AI Lab

With Ziguang AI Lab, enterprises or organizations can easily experience end-to-end accelerated computing solutions tailored for AI and data science no matter where they are by using the online accelerated computing platform. These platforms not only provide flexible access, but also focus on the specific needs of AI and data science, from data processing to model training, to reasoning and deployment, to achieve full process acceleration and greatly improve work efficiency.

A select set of experiences designed to get developers, designers, and IT professionals up and running to quickly start building and deploying data-intensive applications. These projects support rapid prototyping and validation, helping to make better and more reliable software and infrastructure choices in the early stages of software development, accelerating the entire development cycle.

Model parallelism-building and deploying large neural networks

Data parallelism-training neural networks with multiple GPUs

Building Transformer-Based Natural Language Processing Applications

Very large deep neural networks (DNNs), whether for natural language processing (such as GPT-3), computer vision (such as large-scale visual Transformer), or speech AI (such as Wave2Vec 2), have special properties that distinguish them from their smaller-scale counterparts. The increasing size of DNNs trained on massive data sets allows them to adapt to new task requirements with only a few more examples, thus accelerating the move towards general artificial intelligence. Using huge data sets, training models with tens of billions to hundreds of billions of parameters is no easy task. This requires a unique method to combine artificial intelligence, high-performance computing (HPC) and system knowledge. The goal of this course is to learn how to train very large neural networks and deploy them into production.
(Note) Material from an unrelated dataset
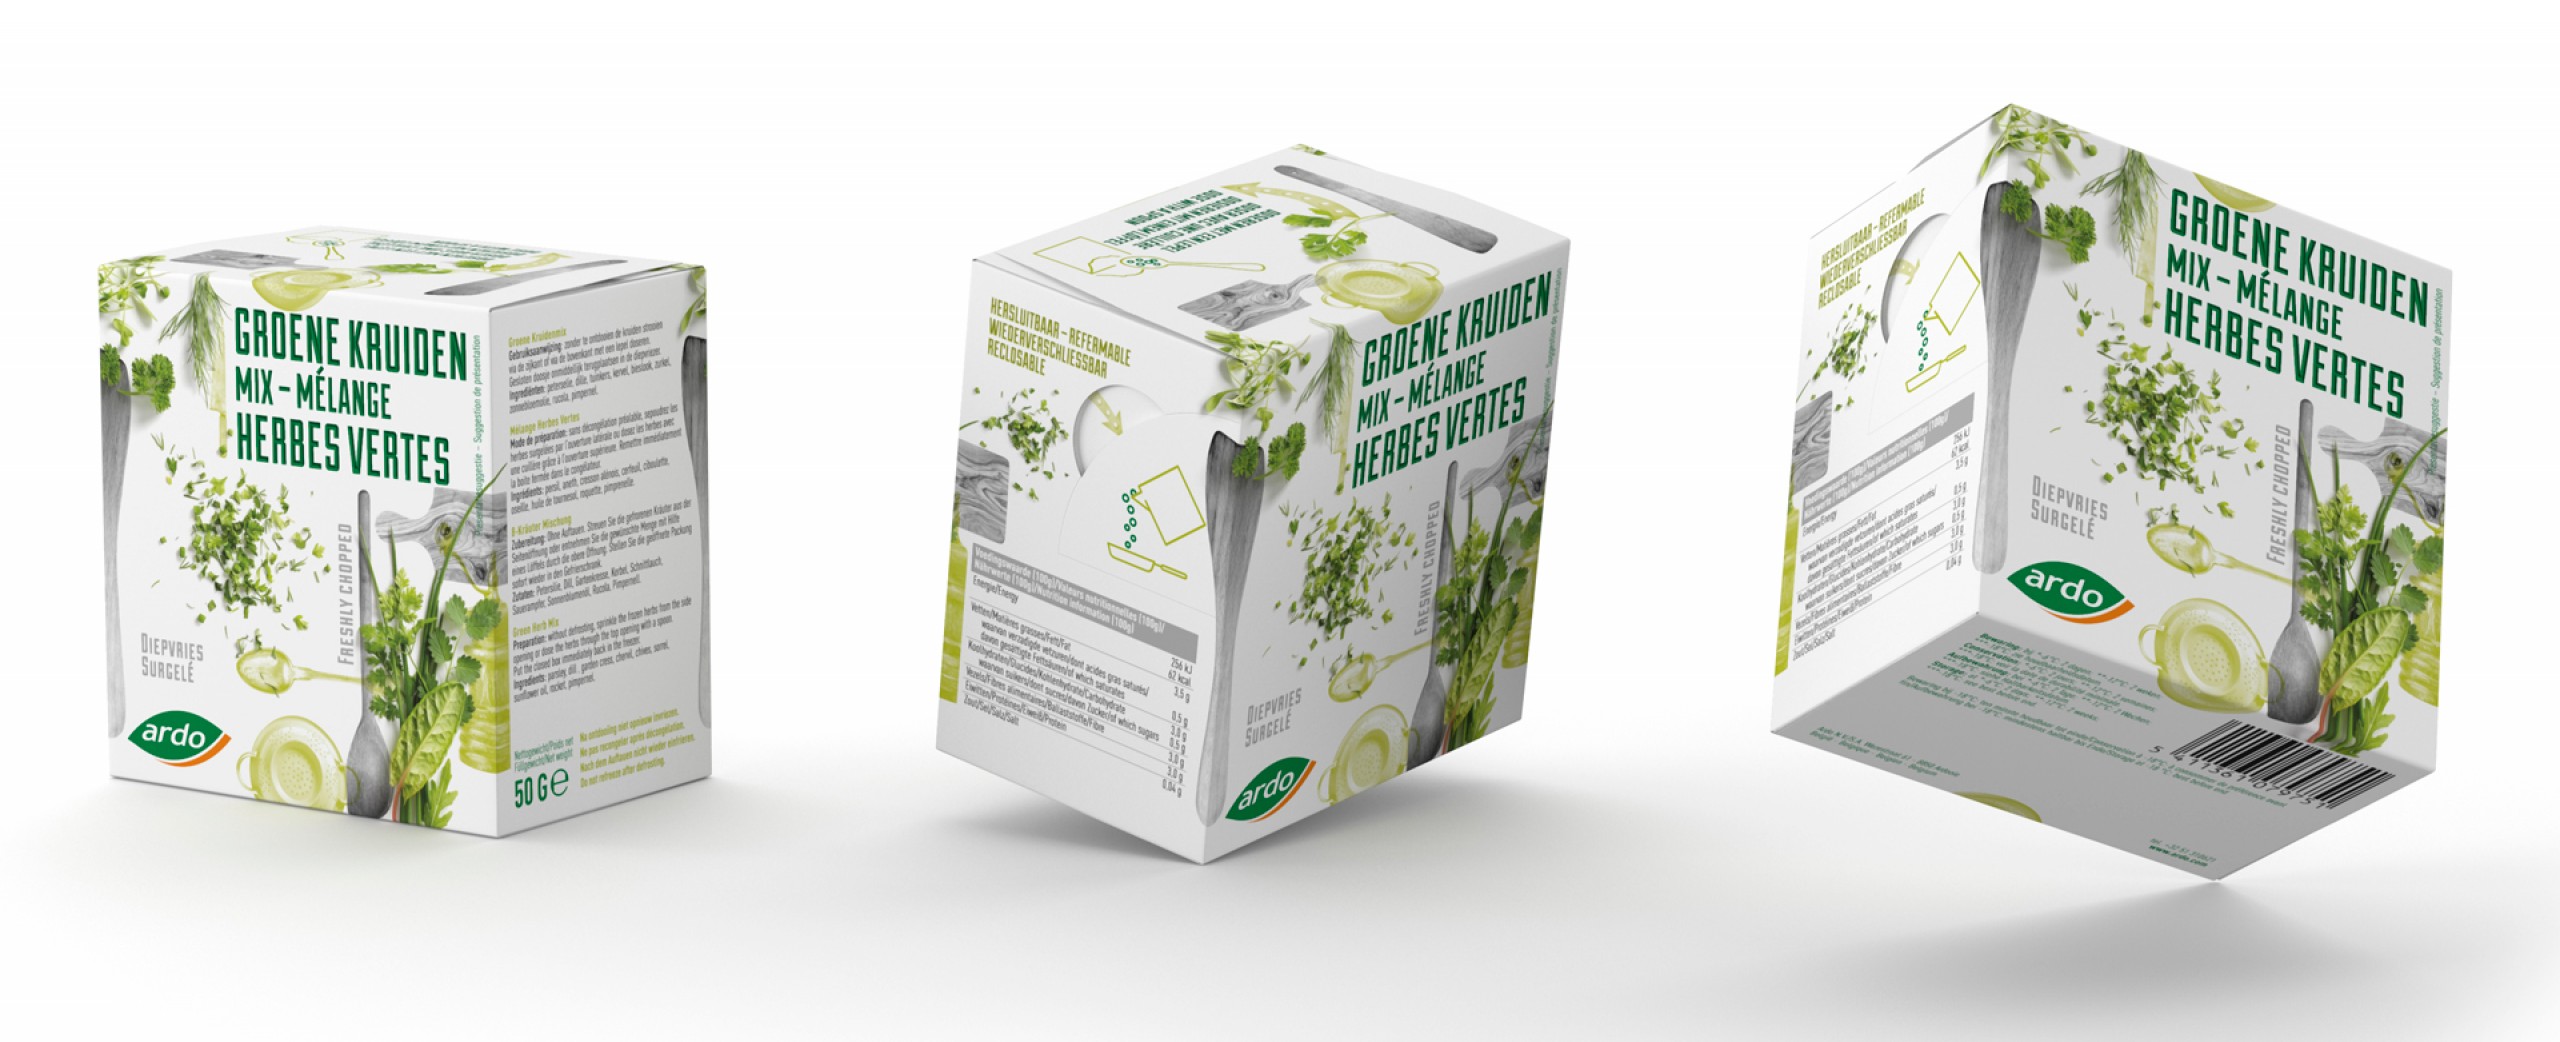 Quatre Mains package design - Package design herbs, frozen, packaging,
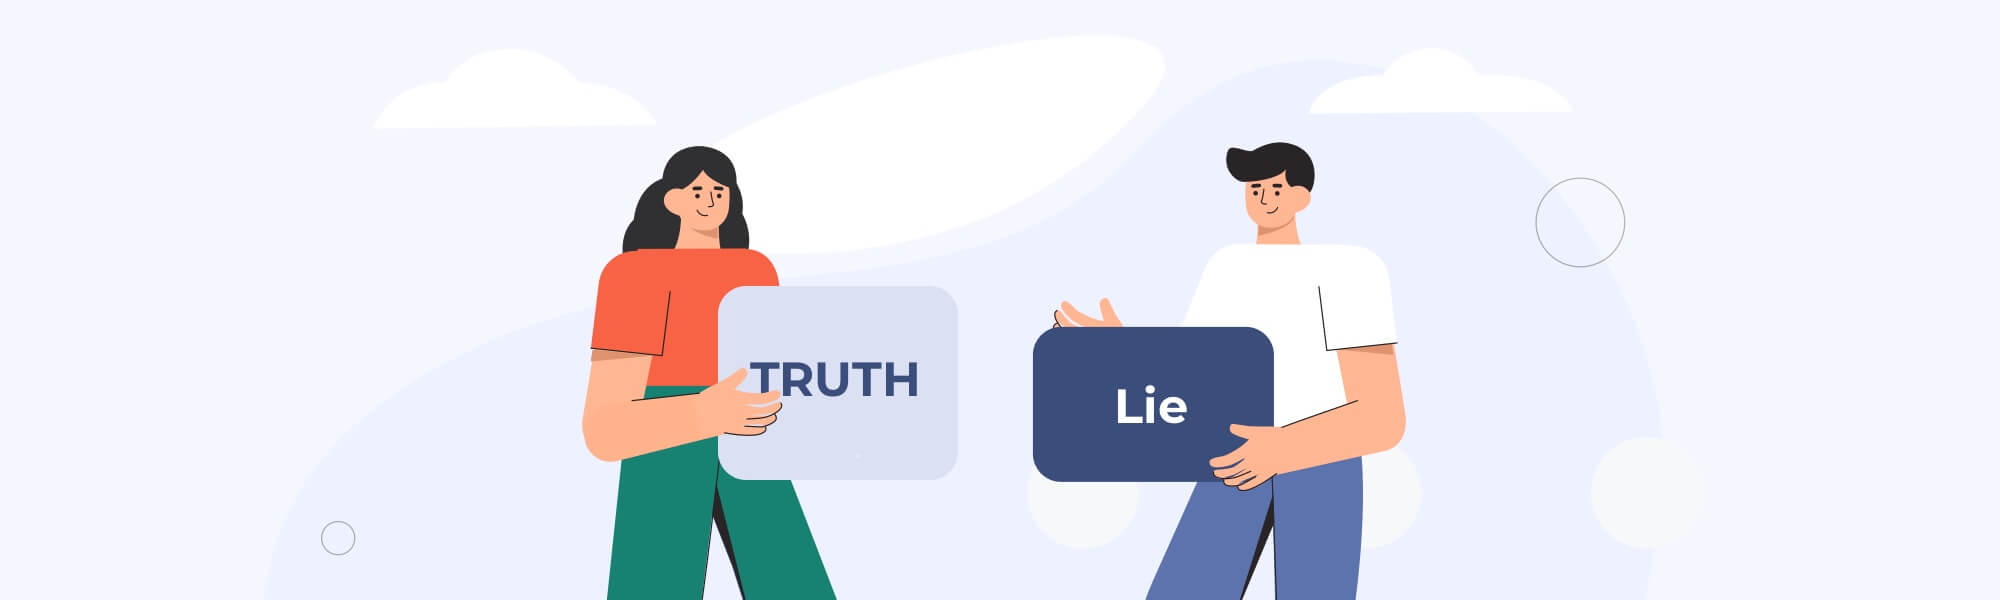 Truth or lie online activity

Modern "deep learning" is facing the challenge of increasing data set size and model complexity. Therefore, in order to effectively and efficiently train models, strong computing power is required. Learning distributes data across multiple GPUs during deep learning model training, enabling more deep learning-based application development.

In addition, efficient use of systems with multiple GPUs reduces training time, which speeds up application development and further reduces iteration cycles. Teams that can use multiple GPUs to perform training will have a greater advantage. They can build models that are trained on more data in less time, greatly improving the productivity of engineers.

The use of natural language processing (NLP) has exploded over the past decade. With the emergence of AI assistants in abundance, and enterprises incorporating more human-computer interaction experiences into their business, it is critical to understand how to use NLP technology to manipulate, analyze, and generate text-based data. Modern technology can capture the nuances, contexts, and complexities of language as humans do. If properly designed, developers can use these technologies to build powerful NLP applications that enable natural and smooth human-computer interaction in chatbots, AI voice agents, and many other programs.


Assemble a simple robot using Isaac Sim

Customized development in Omniverse


Step-by-step assembly of a two-wheeled mobile robot in Isaac Sim's real-time GPU environment to complete the "assembly simple robot"

Connect on-premises streaming clients to Omniverse Isaac Sim servers in the cloud

Loading the USD simulation robot into the Isaac Sim environment

Add joint drives and joint attributes to the robot's body

Add joint connections to the robot


Do you want to change the functionality and user interface (UI) of the Omniverse to your liking? Then use Python code to customize the experience of the Omniverse by extending the functionality (Extensions). Extended functions (Extensions) can be used for various modifications, from generating objects by pressing a button to applying custom physical laws on selected objects. Optimize your workflow by copying frequently repetitive actions into extended functionality, or add a new way to manipulate objects in the UI.